Intra-company transferees (ICT) - CCFTA [R204(a) – F23, F24] - Agreements and arrangements - International Mobility Program

This section contains policy, procedures and guidance used by IRCC staff. It is posted on the department’s website as a courtesy to stakeholders.

In these instructions “officers” refers to employees of both Immigration, Refugees and Citizenship Canada and the Canada Border Services Agency.

The instructions on this page should be reviewed in conjunction with

There are two different paragraphs in the Immigration and Refugee Protection Regulations (IRPR) where the work of a foreign national transferring from a position in a foreign enterprise to a Canadian enterprise with a qualifying relationship is described, both paragraphs fall within the International Mobility Program (IMP).

The Canada-Chile Free Trade Agreement (CCFTA) is an international agreement between Canada and Chile, and as such any work permit applications are assessed under paragraph 204(a) of the Immigration and Refugee Protection Regulations (IRPR). This regulatory section falls under the International Mobility Program.

Paragraph 205(a) of the IRPR facilitates entry to Canada for all nationalities who are employed by a foreign multinational company and are entering Canada to undertake employment with a parent, subsidiary, branch, or affiliate of the foreign company as an ICT.

For more information on processing ICT work permit applications under R205(a), please see Intra-company transferees (ICT) [R205(a) – C61, C62, C63] - Canadian interests – International Mobility Program.

On this page

Eligibility

At the time of submitting their application, all ICTs must meet the following requirements:

The foreign national must belong to one of the following categories:

Documentary evidence

The onus is on the foreign national to provide evidence that they meet the eligibility requirements of the exemption and will be able to perform the work being sought as stated in the IMP offer of employment.

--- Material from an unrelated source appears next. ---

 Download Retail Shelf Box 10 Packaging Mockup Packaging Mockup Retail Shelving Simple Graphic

The following documents are required:

Officers may request tangible proof to establish the relationship between the Canadian and Chilean enterprises.

Place of application

Foreign nationals that are exempt from the requirement for a temporary resident visa may apply for a work permit at the port of entry, as well as foreign nationals who otherwise meet the requirements of R198. For more information, see: Temporary Foreign Worker Program (TFWP) and International Mobility Program (IMP): Persons who may apply at a port of entry

Foreign nationals may apply for a work permit from within Canada if they meet the conditions set out in section R199 of the Immigration and Refugee Protection Regulations.

Application assessment

Review of the offer of employment

When assessing if the work permit application meets the requirements for a CCFTA professional, officers should review the offer of employment that appears under the Employment Details tab in the Global Case Management System (GCMS) for information provided by the employer or the matching fields on the IMM 5802 form (if the employer was authorized to use it).

Field Considerations

LMIA Exemption Code

F23 – CCFTA – ICT- R204(a) - Executive or senior managers

F24 – CCFTA – ICT – R204(a) – Specialized knowledge workers

Requirements Exemptions Met

Information in this field or an attachment should provide a summary of the qualifying relationship between enterprises and qualifying employment of the foreign national.

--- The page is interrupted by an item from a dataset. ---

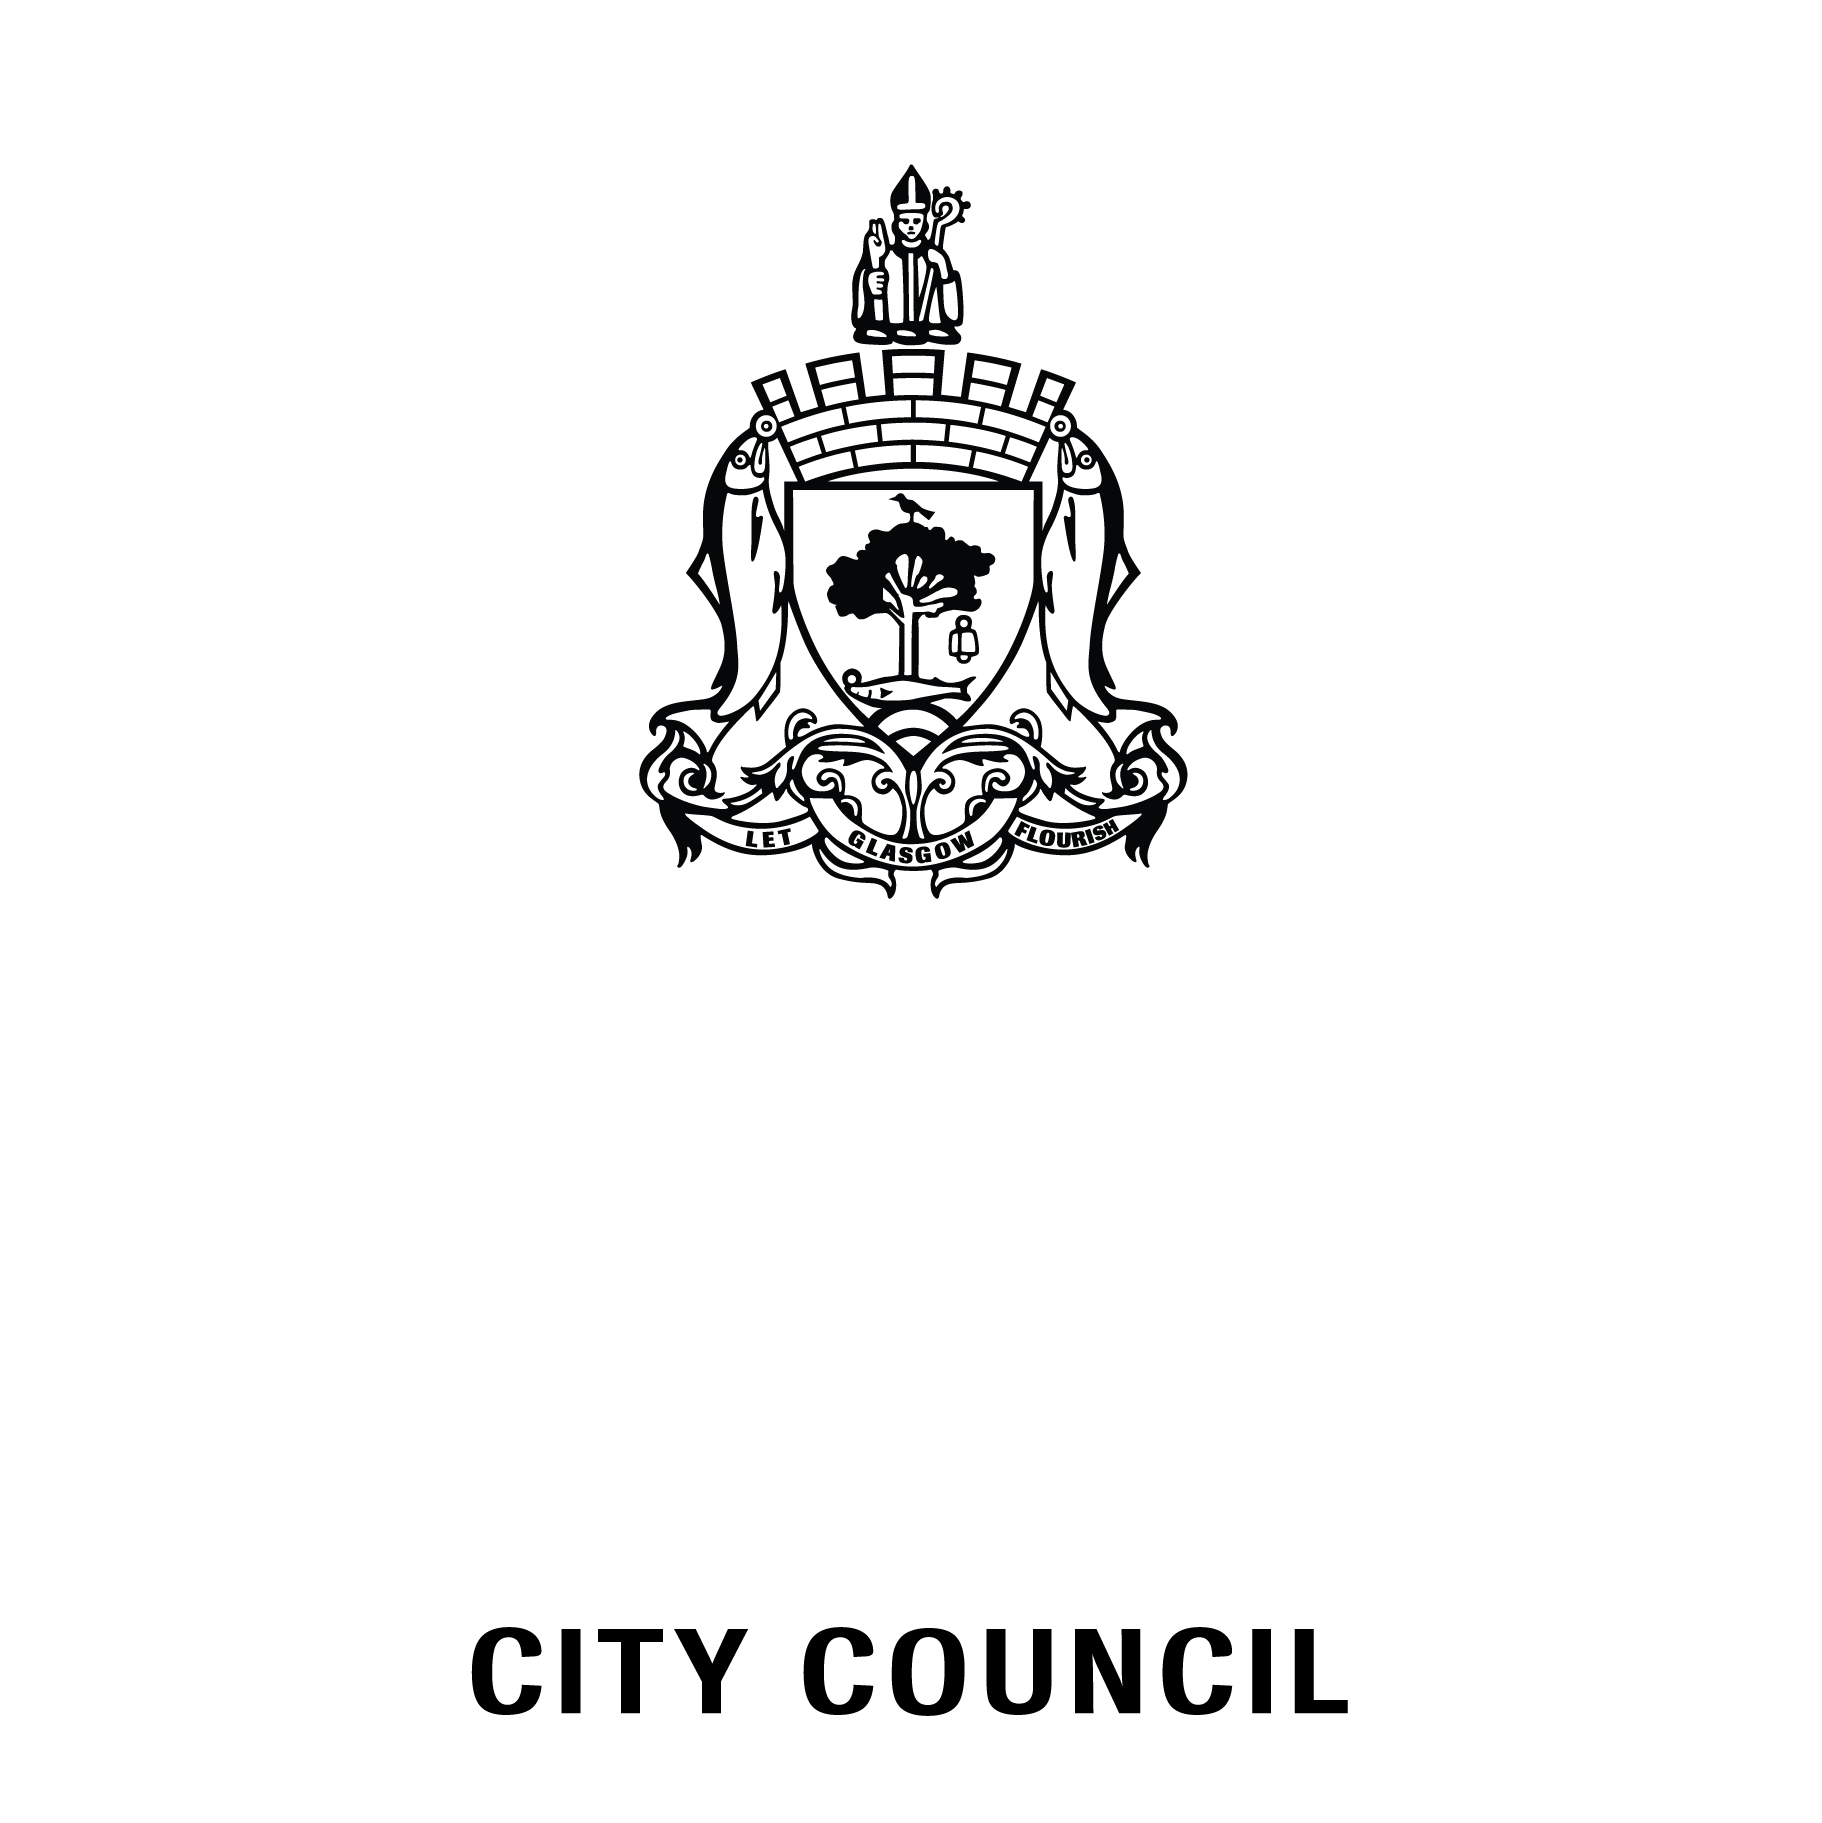 glasgow-city-council-logo

  • The employer can upload additional documents as part of this explanation. They are found in Incoming Correspondence titled ‘LMIA exemption explanation’

NOC and Job Title

Ensure that the occupational code and title are in the appropriate TEER for the occupation capacity.

For example: TEER 0 or 1 for an executive

Duration

F23 - Executives and senior managers

  • initial document maximum 3 years
  • 2 year renewals allowable
  • total period of stay may not exceed 7 years

F24 - Specialized knowledge workers

  • initial maximum 3 years
  • 2 year renewals allowable
  • total period of stay may not exceed 5 years

See Length of stay for further details.

Duties and Job Requirements

These are the activities that the foreign national will be performing.

  • Do they align with the occupation?
  • Are there specific requirements that align with the ICT category of the applicant?
  • Does the employer require more than the minimum amount of paid work experience?

Wages

Note: A mandatory wage assessment is not required for applicants under the specialized knowledge category. However, for these applicants, wage remains an important indicator of specialized knowledge and should be taken into account as an important factor in an officer’s overall assessment, although officers should not refuse an application based on wage alone.

There is no requirement that the foreign national be paid by the Canadian enterprise or in Canadian dollars.

Alternate Compensation Scheme

If there are any additional allowances provided outside of wages, it should be noted by the employer in this field. They cannot be included in wages.

For example: a daily per diem may not be included as wages.

Minimum Education Requirements

For specialized knowledge workers there must be documentary evidence as proof that the applicant has the specialized training and experience to demonstrate that they have the proprietary knowledge and advanced expertise required.

Are there additional or alternative requirements for this occupation defined in the NOC?

Other Training Required

The employer may indicate specialty training as a requirement.

Provincial/Federal Certification, Licensing or Registration

The employer should list any specific certification, licensing or registration required in Canada.

Documented evidence should be provided with the application if the occupation is regulated by the province or territory; however, some occupations may require the foreign national to write an exam after they enter Canada, for example, for a licence from a regulated body or a first aid certificate.

Refer to Employer-specific work permits – General processing – International Mobility Program for further guidance.

Current and continuous employment

The foreign national must provide sufficient documentary evidence to show that on the day they applied they were employed in an executive, managerial or specialized knowledge capacity. They must also demonstrate that their position in the foreign enterprise remains available to them throughout their period of time in Canada so that they might return to their position once their employment in Canada is completed.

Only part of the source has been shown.